*** Begin section ***

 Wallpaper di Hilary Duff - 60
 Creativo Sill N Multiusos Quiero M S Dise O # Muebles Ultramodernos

*** End section ***
*** Begin section ***

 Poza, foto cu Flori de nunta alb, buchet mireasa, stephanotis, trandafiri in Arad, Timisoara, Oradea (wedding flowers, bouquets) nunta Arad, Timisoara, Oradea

*** End section ***
*** Begin section ***

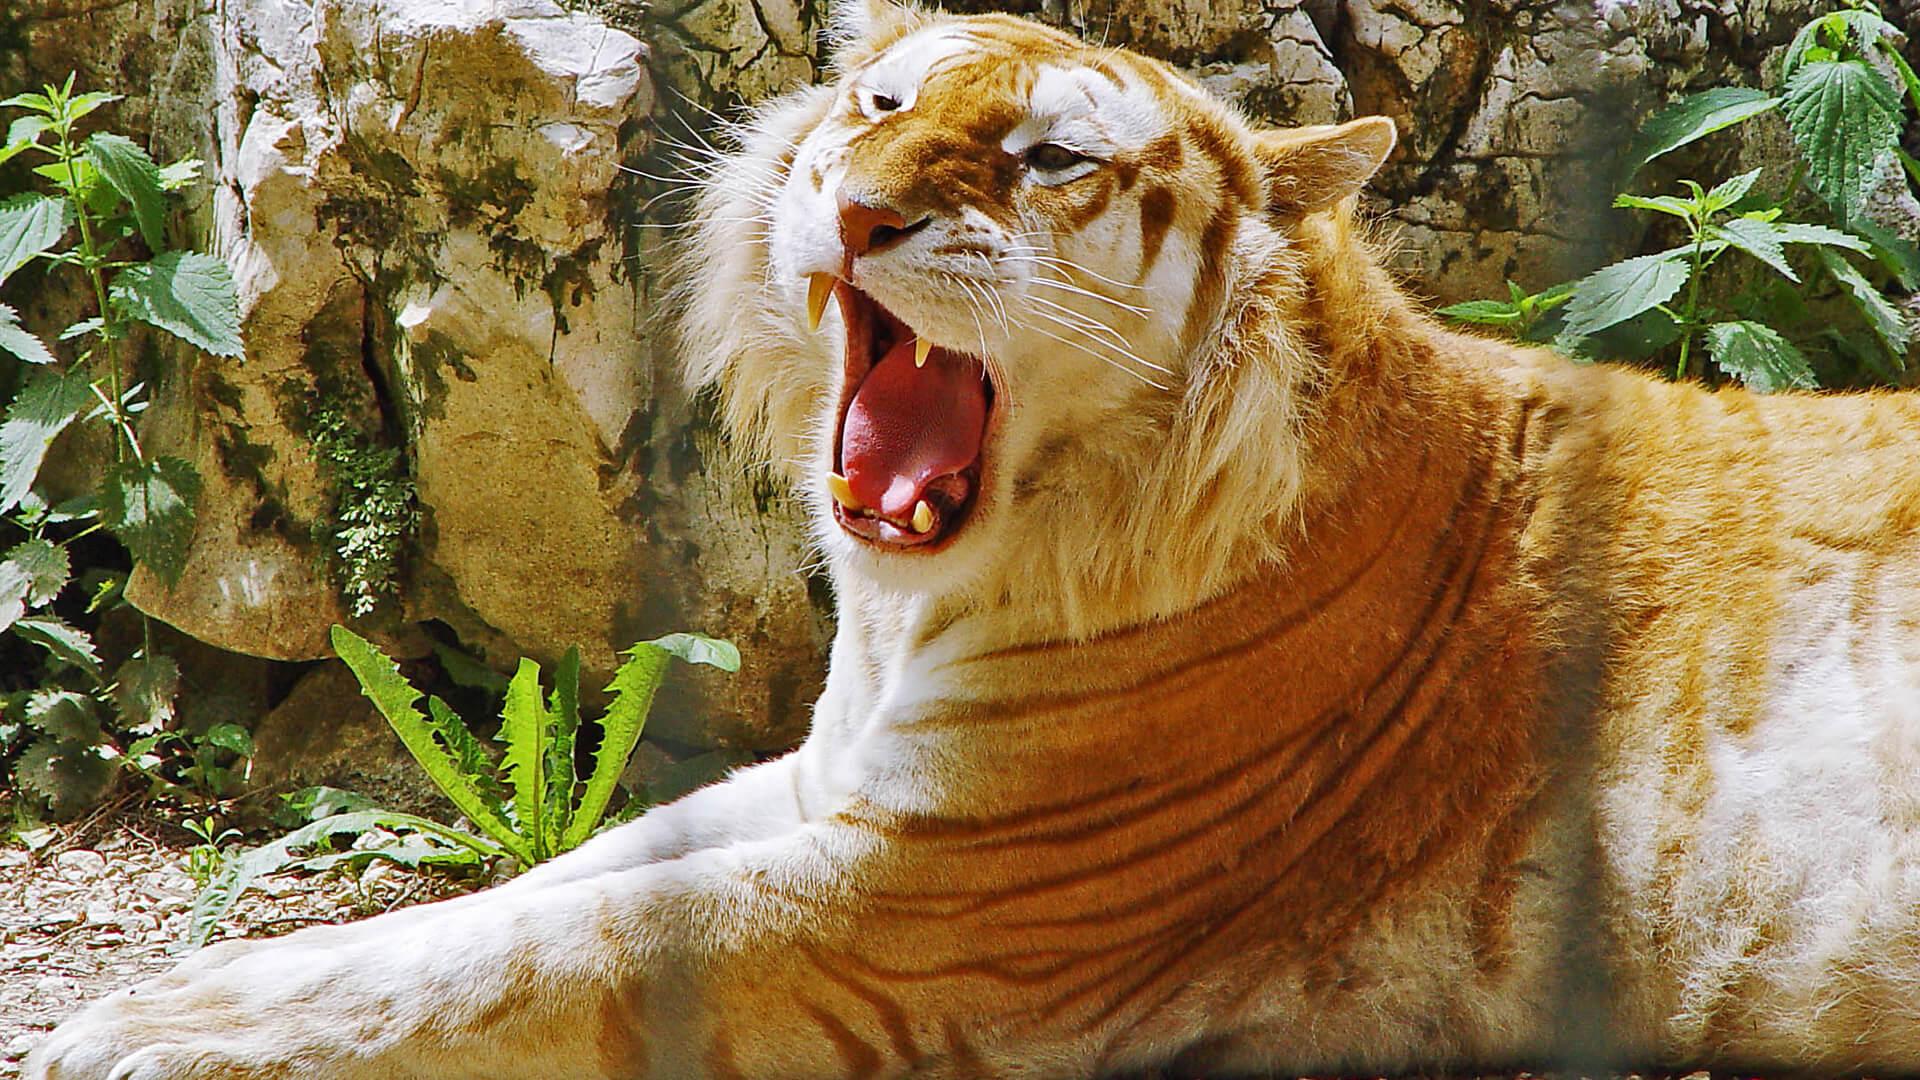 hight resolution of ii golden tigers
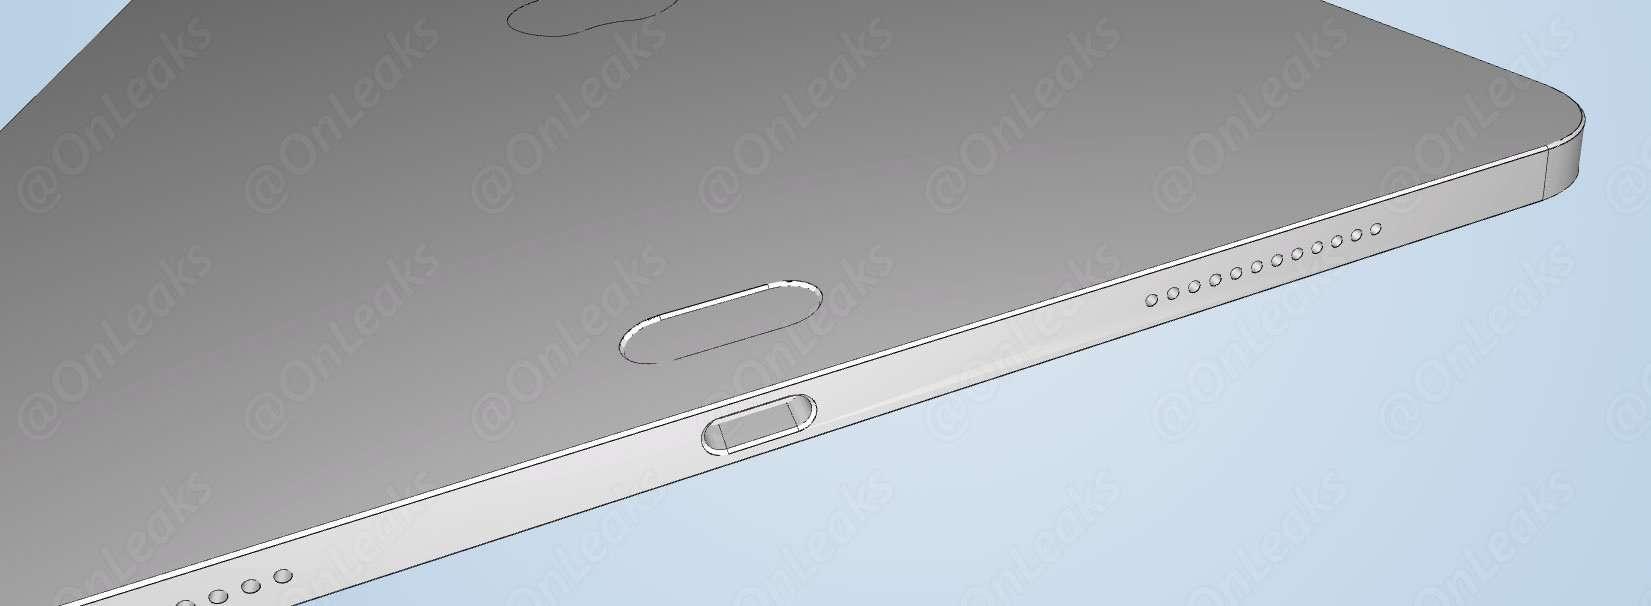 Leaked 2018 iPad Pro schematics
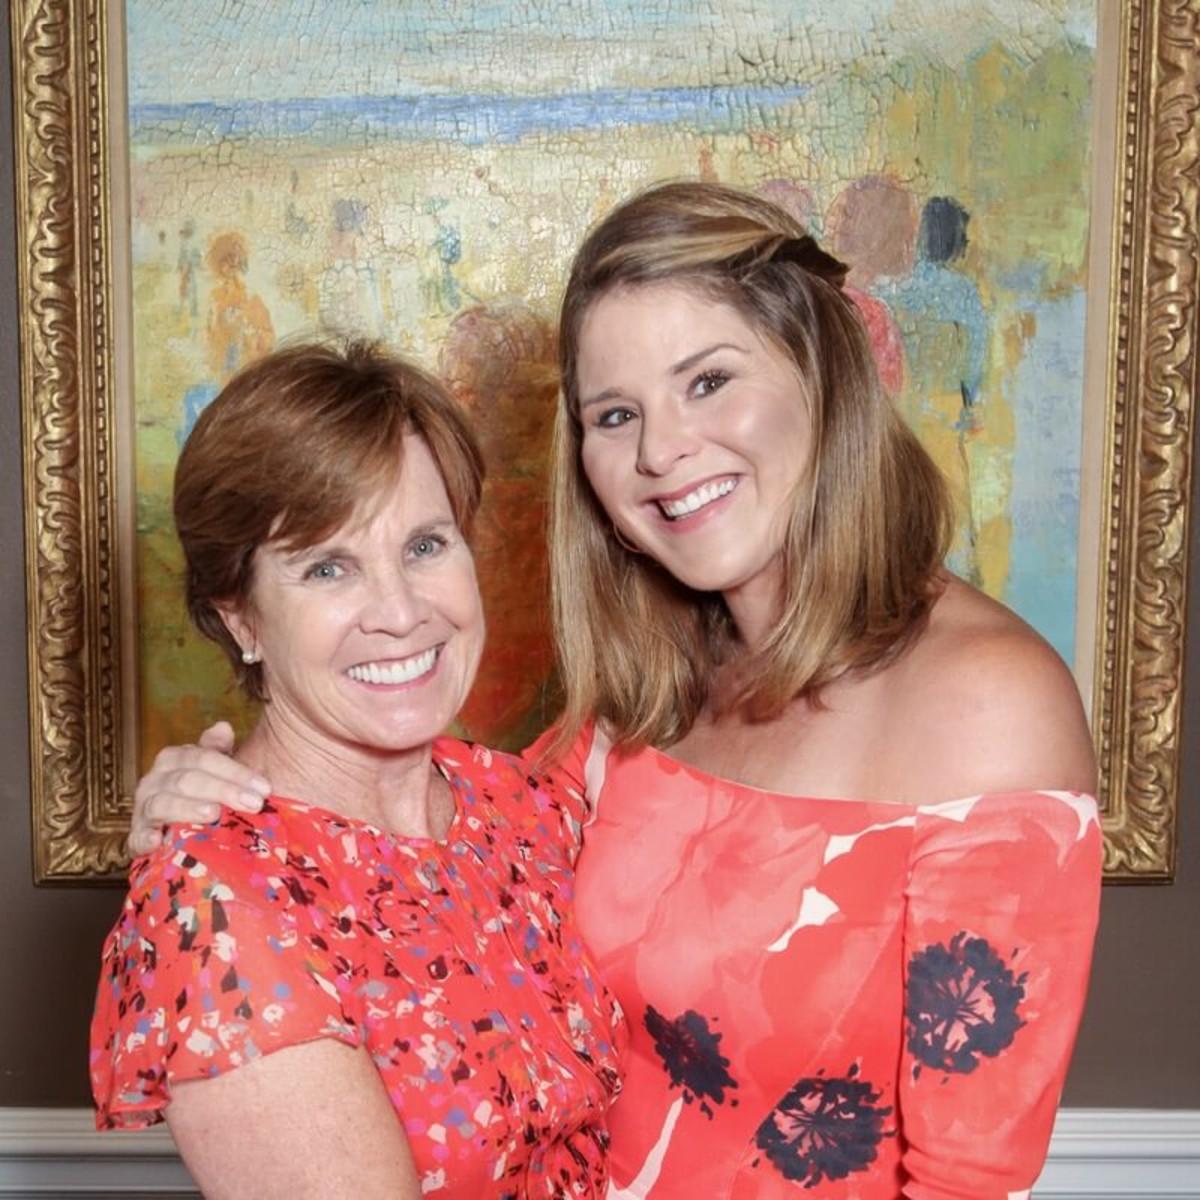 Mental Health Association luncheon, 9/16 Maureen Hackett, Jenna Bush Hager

*** End section ***

> **TASK BRIEF**
Print exactly the lines above, between the one holding "Wallpaper di Hilary Duff - 60" and the one holding "Creativo Sill N", inclusive, and nothing besides.

> **RESPONSE TO THE TASK**
 Wallpaper di Hilary Duff - 60
 Creativo Sill N Multiusos Quiero M S Dise O # Muebles Ultramodernos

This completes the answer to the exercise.